One is the wide diversity of American Muslim immigrants, whom the survey found hail from more than 50 different countries. “In European countries, most Muslims are immigrants … but they tend to come from one or two countries. So, instead of having a big, diverse Muslim population like the United States has, you might have mostly people from Algeria,” said Green, who is the senior fellow in religion and politics at the Pew Forum on Religion and Public Life. The organization is connected to the Pew Research Center, which conducted the survey.

Green also noted that many Muslims who immigrated to America are better educated than their European counterparts. “Many of them came to the United States precisely to get an education,” he said. “It may simply be that people with higher levels of education and professional jobs tend to fit together into any society.”
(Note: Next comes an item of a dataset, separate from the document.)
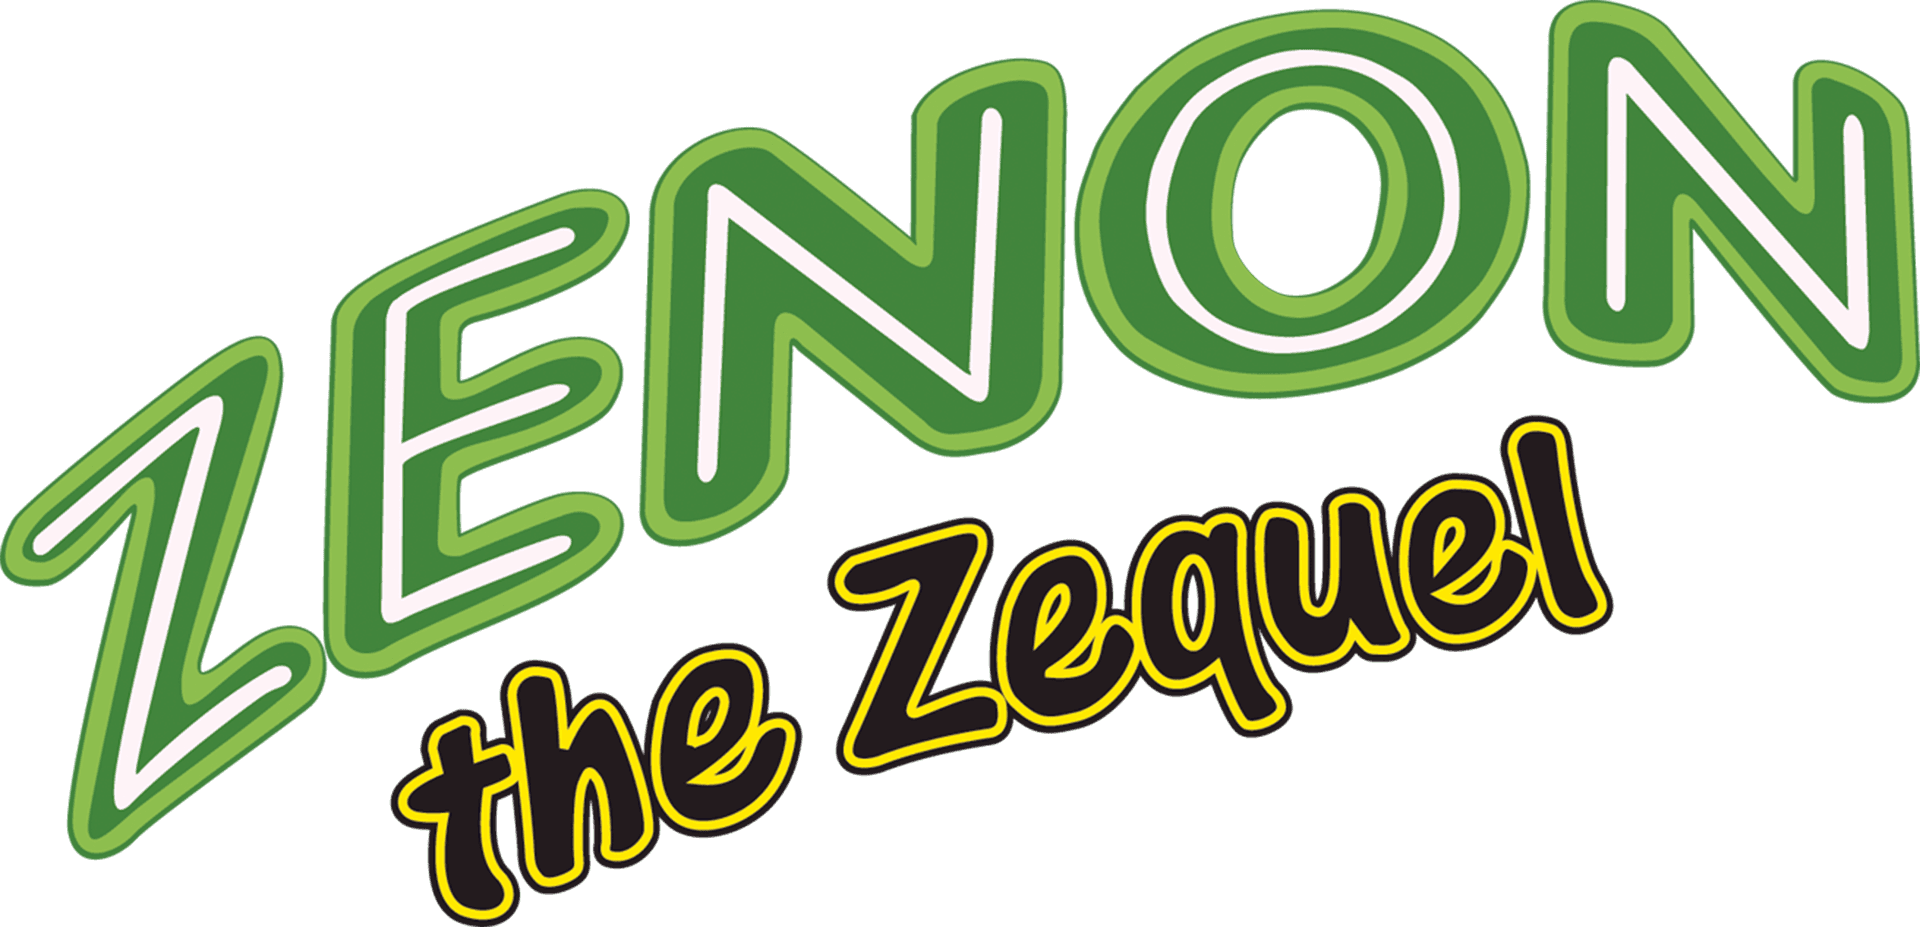 Zenon: The Zequel logo

But Green also said the broad religious diversity of the United States may itself be a major factor in making it easier for Muslims to fit in than they do in Europe.

“If one were an observant Muslim — and as our survey showed, [American Muslims] are, by and large — then this is a society much more open to religious expression, as opposed to Europe, which is a much more secular place,” he said.

Green said Western Europe's religious irony — that most of its nations are increasingly secular on a societal level while retaining some form of Christianity as an official state religion — may contribute to the relative unease Muslims feel there as compared to the United States.

“A Muslim might very well fell oppressed or troubled by an official Protestantism or an official Catholicism in a particular country, and yet at the same time feel ostracized by their neighbors who are not religious,” he said. “A lot of Americans may disagree with Islam and may have some doubts about their Muslim neighbors, but one thing they wouldn't disagree with is Muslims' right to practice their religion.”